To achieve fault tolerance, DC/OS can run in multiple master configurations. This provides not just system-level fault tolerance but also scheduler-level fault tolerance. DC/OS can even survive node failure during an upgrade with no loss of service.
Zero Downtime Upgrades
DC/OS provides automation for updating services and the systems with zero downtime.
DC/OS services running on Marathon can all be updated with rolling, blue-green, or canary deployment patterns. If the update fails, roll it back with a single click. These powerful tools are critical for minimizing downtime and user interruption.
DC/OS itself also supports zero-downtime upgrades with its powerful installer.
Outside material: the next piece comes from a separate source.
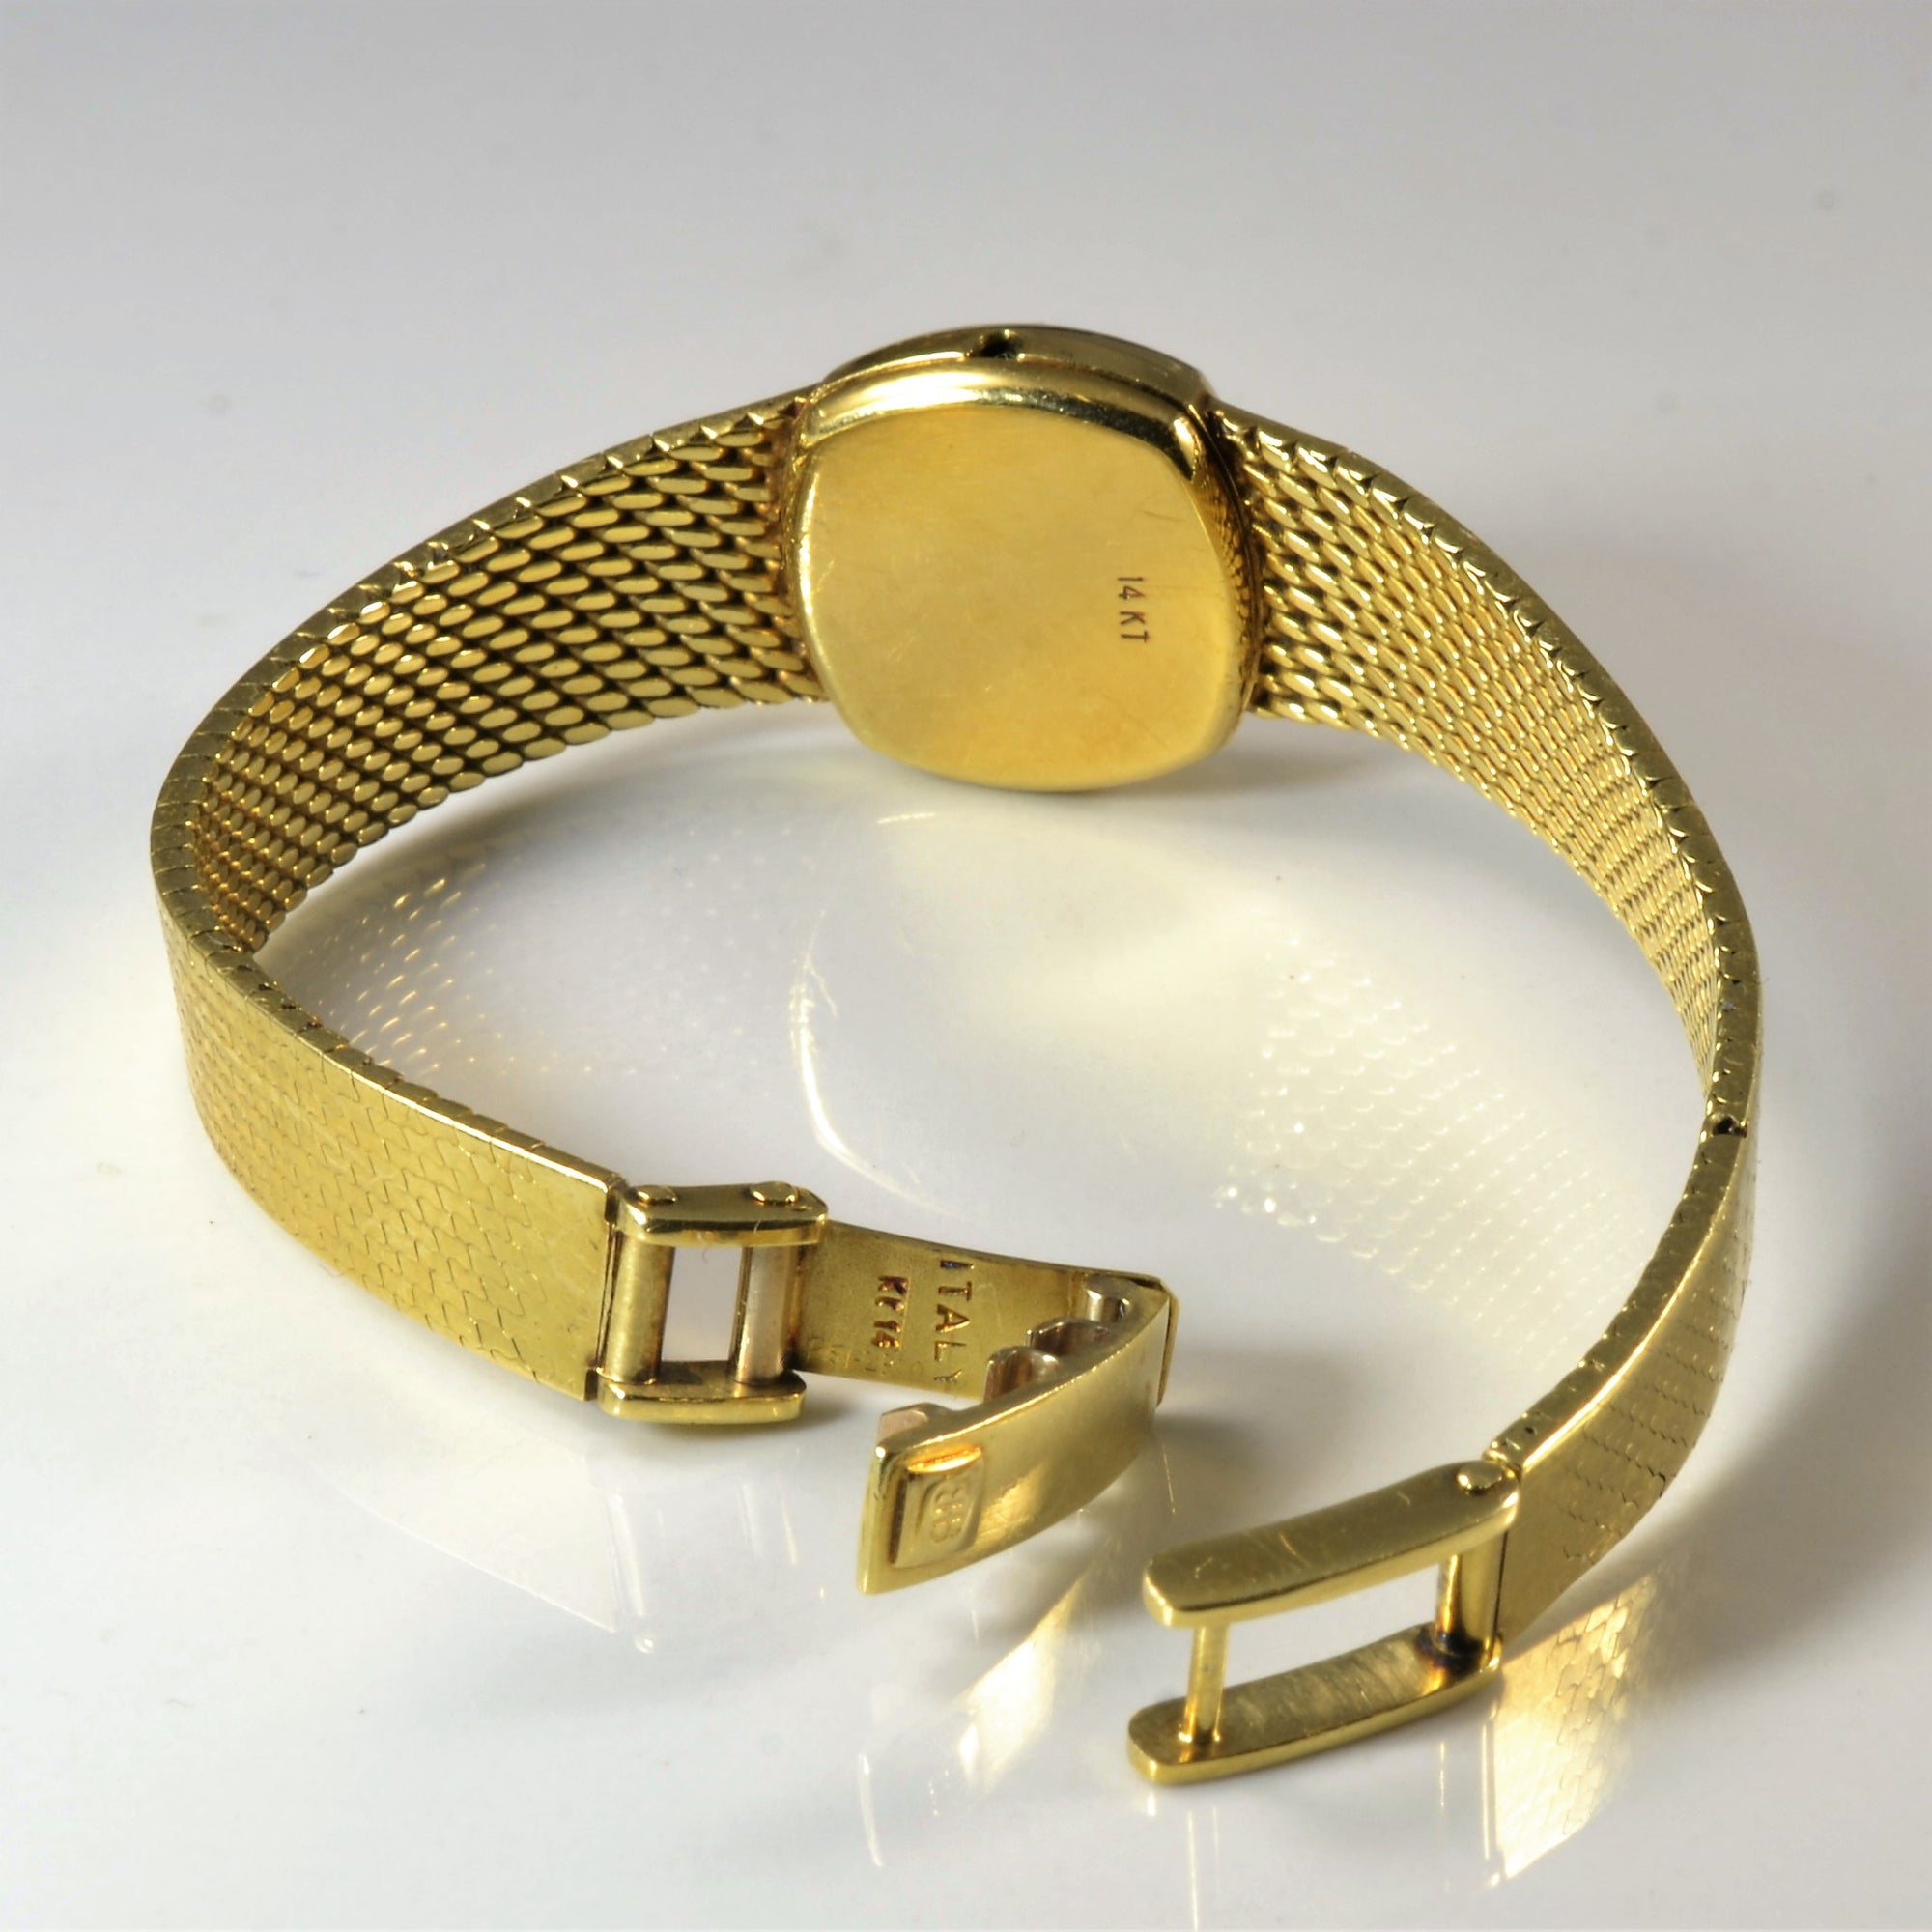 'Birks' 14k gold watch

Stay up-to-date with the latest open source components with a single combined update.
DC/OS provides a well-tested set of open source components and bakes them all together with a single combined installer.
Mixing and matching open source components can be a pain. You never know which versions will work together or what the side effects of their interactions will be. Let the Mesos experts handle it for you! Get to production quickly and focus on the quality of your products, not the stability of your platform.
Service Discovery and Load Balancing
DC/OS includes several options for automating service discovery and load balancing.
Distributed services create distributed problems, but you don’t have to solve them all yourself. DC/OS includes automatic DNS endpoint generation, an API for service lookup, transport layer (L4) virtual IP proxying for high speed internal communication, and application layer (L7) load balancing for external-facing services.